Scammers steal $500,000 from Galveston County, two officials held responsible

• A Galveston County judge called on 2 officials to resign, blaming them for the theft of the $500,000.
• The scammers have not been caught and the stolen funds have not been recovered.

Galveston County Judge Mark Henry called on the county's auditor and purchasing agent to resign accusing them of being responsible for scammers making away with hundreds of thousands of dollars.

In June 2018, a wrongful electronic payment of $525,282.39 was paid to a cybercriminal who posed as a county contractor. Judge Henry, at a county commissioners meeting, said that County Auditor Randall Rice and County Purchasing Agent Rufus Crowder should be held responsible for the erronous payment.

It is to be noted that the cybercriminal(s) have not been caught and the stolen funds have not been recovered. The cybercriminal(s) pretended to be a county contractor who represented Lucas Construction Co. - a Houston company doing road work for the county.

The disagreement

“I find it unacceptable that homeowners are held to a different standard than county employees," said Henry, "As a result of that, I'm calling for the resignation of the purchasing agent and the county auditor for their involvement and their refusal to take any responsibility for what has happened here."

The county judge revealed that he does not hold the authority to sack the two officials, as neither of them reported directly to him and commissioners court. Henry also said that he would direct their boards to hold them responsible.

"The purchasing agent reports to a purchasing agent board and the auditor reports to a state district judge board, so all six state district judges appoint him and can remove him," Henry said.

The County Auditor did not respond directly to Henry's demand, but he pointed out that an investigation conducted by Dawson Forensic Group revealed that no single office or person was to blame for the theft.

"I think that the report was fairly accurate... the conclusion they had was that everything that had been done was done according to the constitution of the state of Texas and the appropriate procedures were followed that were existing at the time and since that time, we've added additional procedures and policies in place and we're continuing to work to improve all of those things to further protect the county," the County Auditor, Rice said.

What happened?

The Dawson Forensic report, which was released publicly on December 3, 2018, provided a detailed account of the scam and the county's lack of safeguards in protecting itself against this kind of cyberattack.

The cybercriminal created a fake email address to pose as both a county employee and as a representative for the Lucas Construction Company. The scammer also used a form, obtained through the county's website, to request a change on the bank account information for the road contractor. The scammer also requested the company to make the payment through an electronic transfer, instead of paying with a paper check.

The scammer used fake email addresses that mimicked real email addresses used by the county and the contractor. The report stated that the county purchasing department lacked validation processes to ensure that the new bank account was valid.

Preventive measures taken

Investigators concluded that the county's treasurer, auditor, purchasing agent, and information technology office had "coordinated the design of new processes" to identify potential technical issues that will help identify such future problems as they occur rather than after an attack.

Judge Henry was annoyed that Rice had emailed the county on December 10, 2018, requesting the surety bond for his office to be reduced from $100,000 to $5,000.

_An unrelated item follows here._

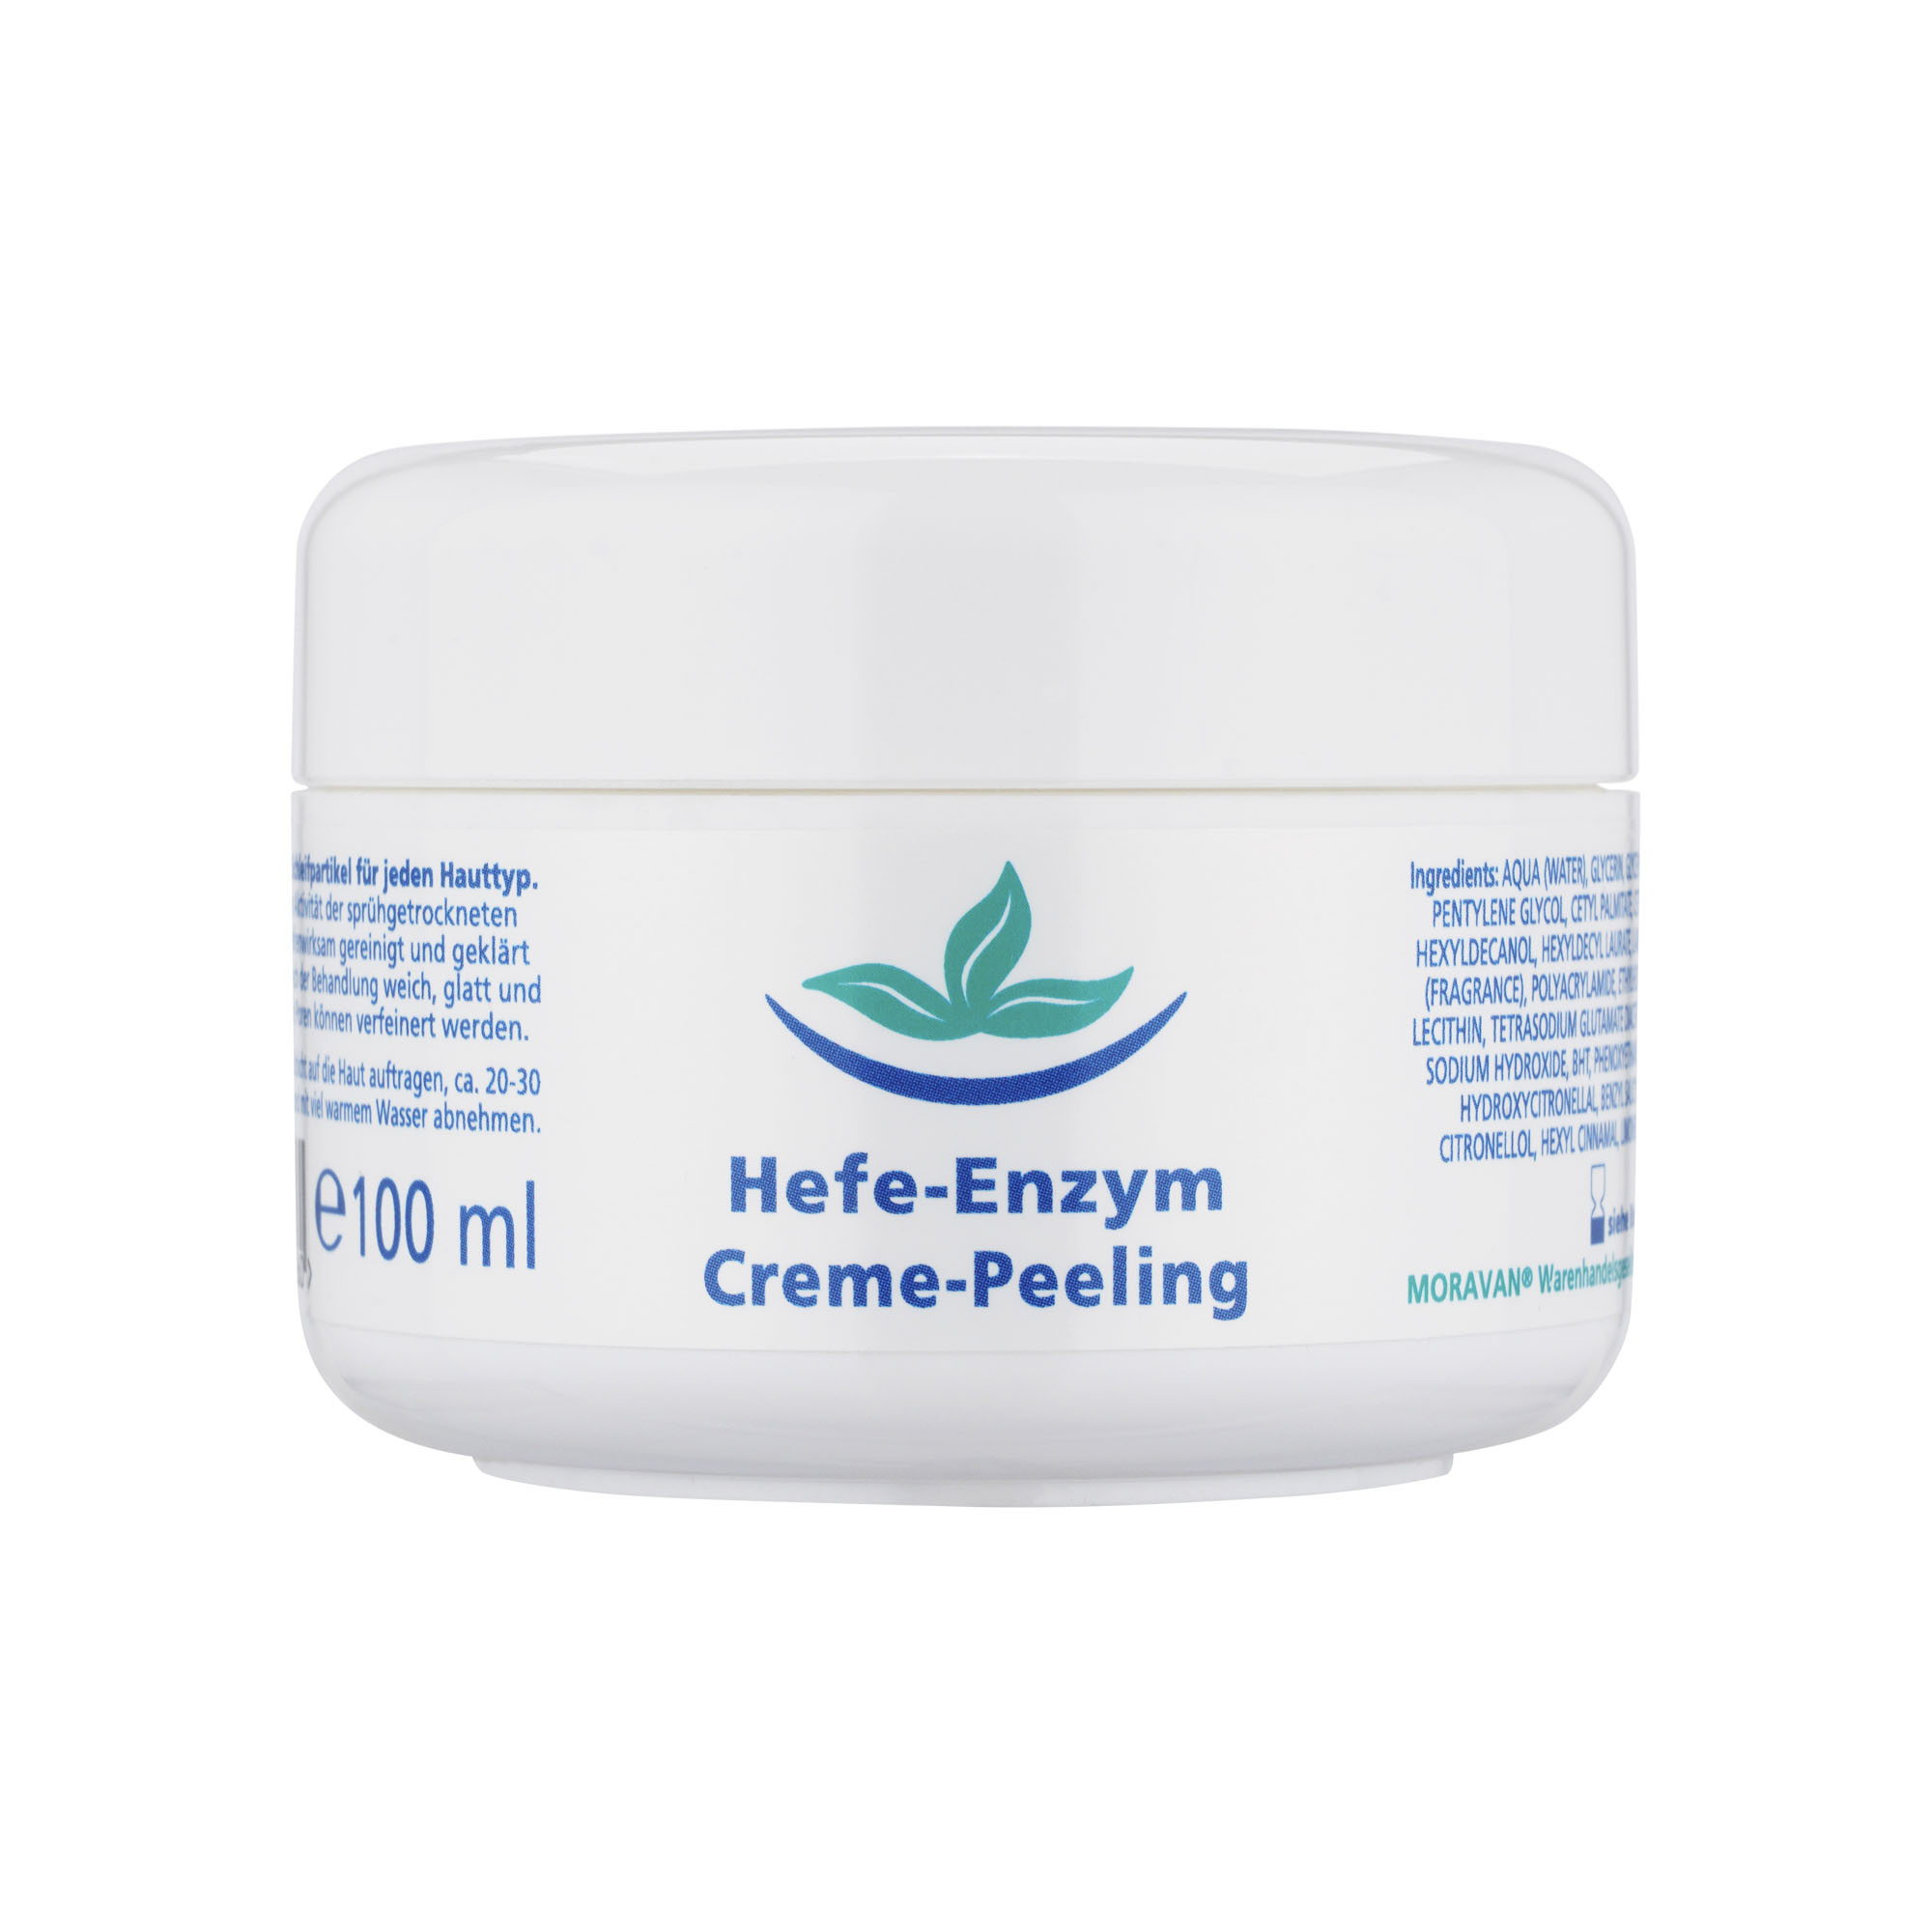 Hefe-Enzym Creme-Peeling
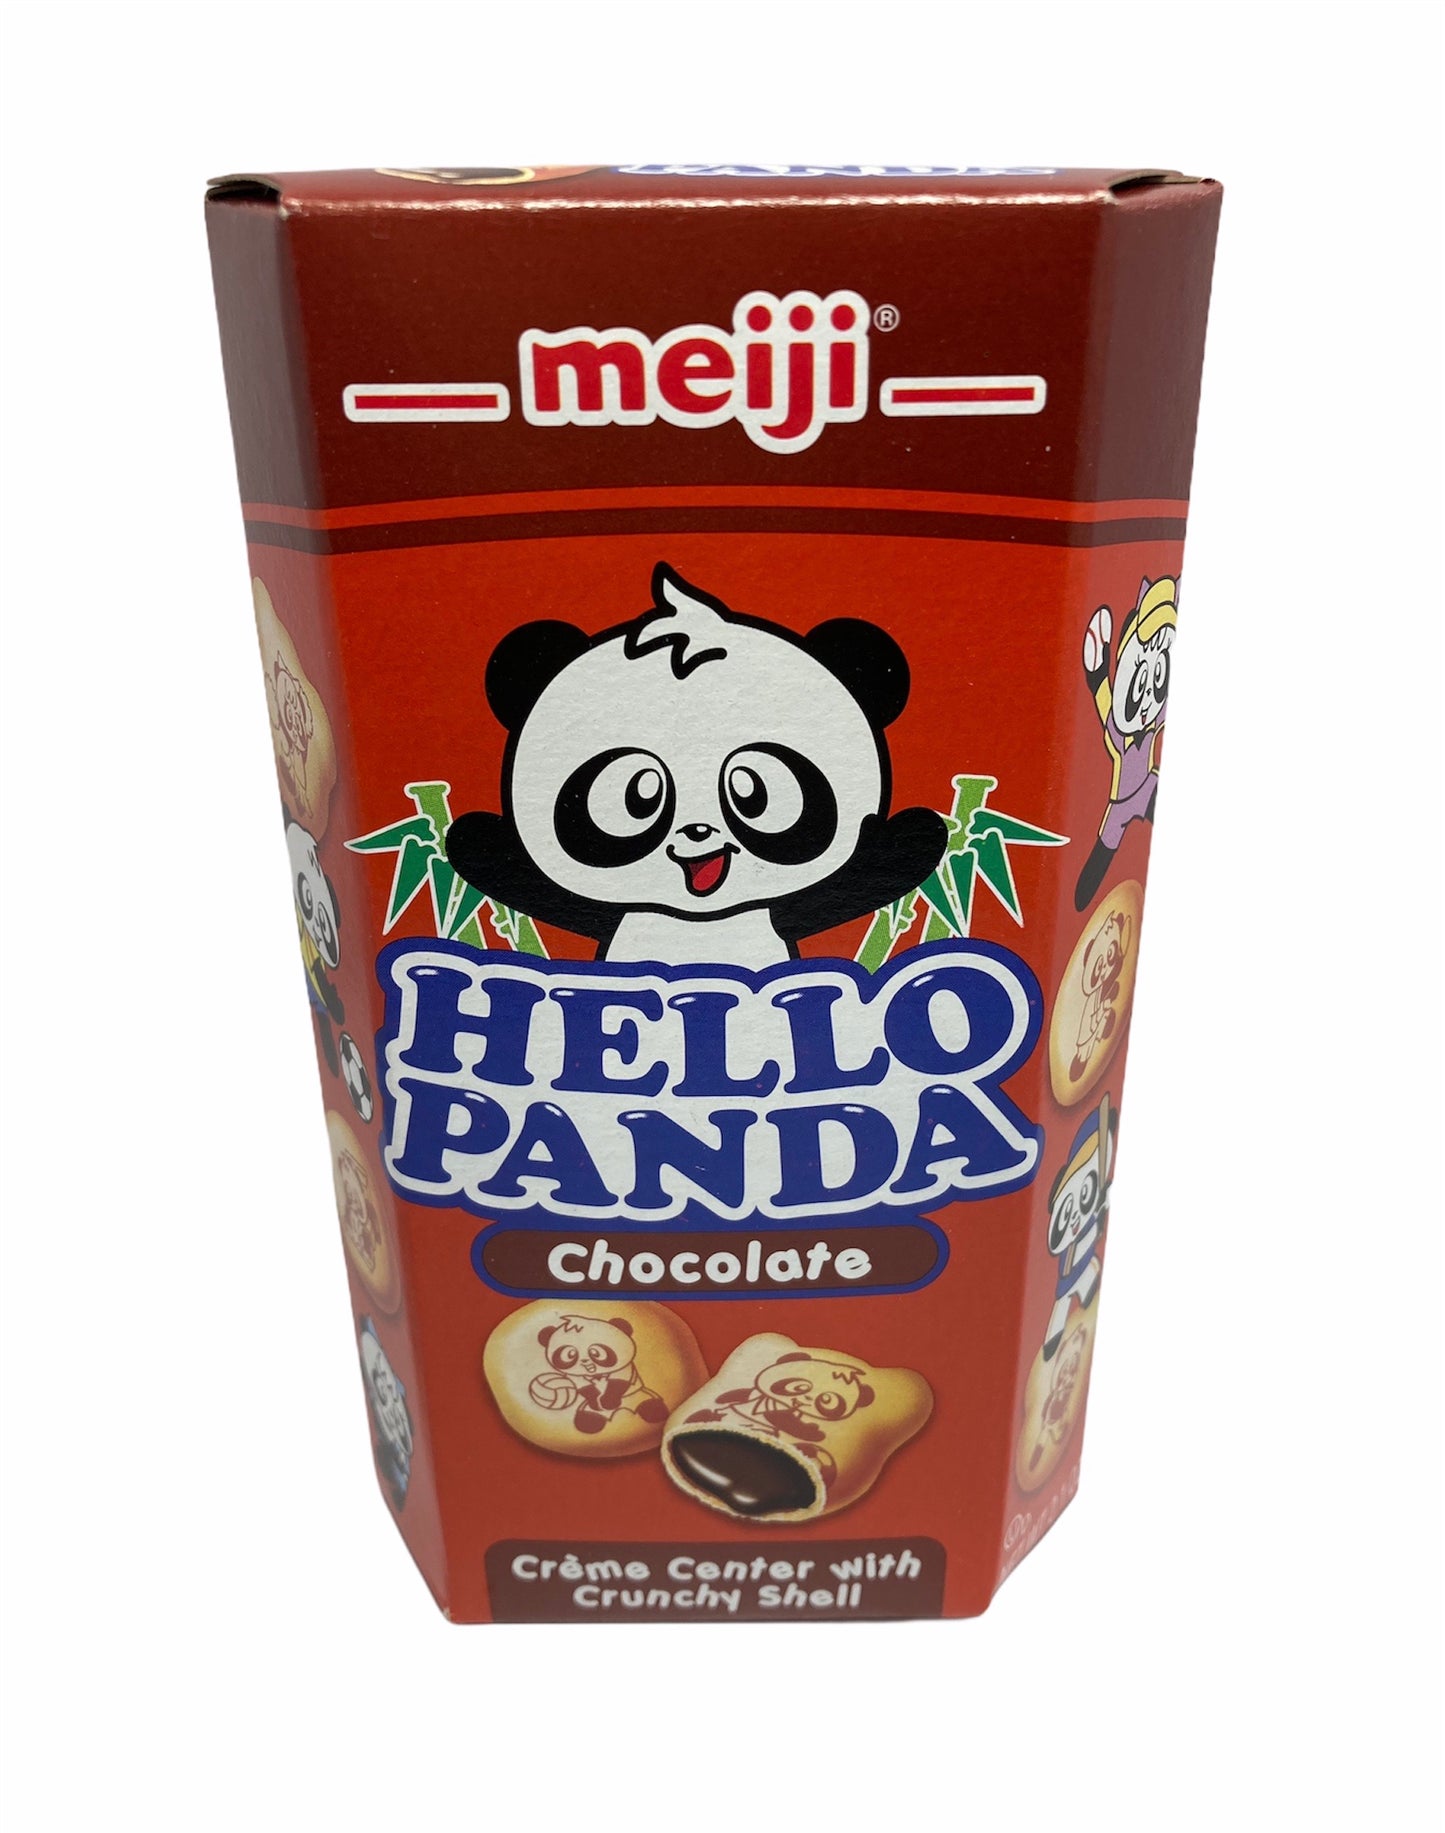 Meija Hello Panda Chocolate

"He doesn't want taxpayers to have any recourse if he makes another mistake in the future," Henry said. "I find that extremely unacceptable and a slight to the taxpayers in this county who are forced to pay their taxes every year."

Meanwhile, county commissioners voted unanimously to raise the surety bonds held by the county treasurer to the maximum amount, $500,000.

Henry said after the commissioners' court meeting that he hoped to establish a committee to offer recommendations to the county on how to further protect against any future cyberattack, evidently finding the changes Rice has implemented in the county auditor's office to be insufficient.

"That's why, I told commissioners' court, if the auditor's going to acknowledge that he can't do his job, maybe we should hire another auditor to audit the auditor," Henry said.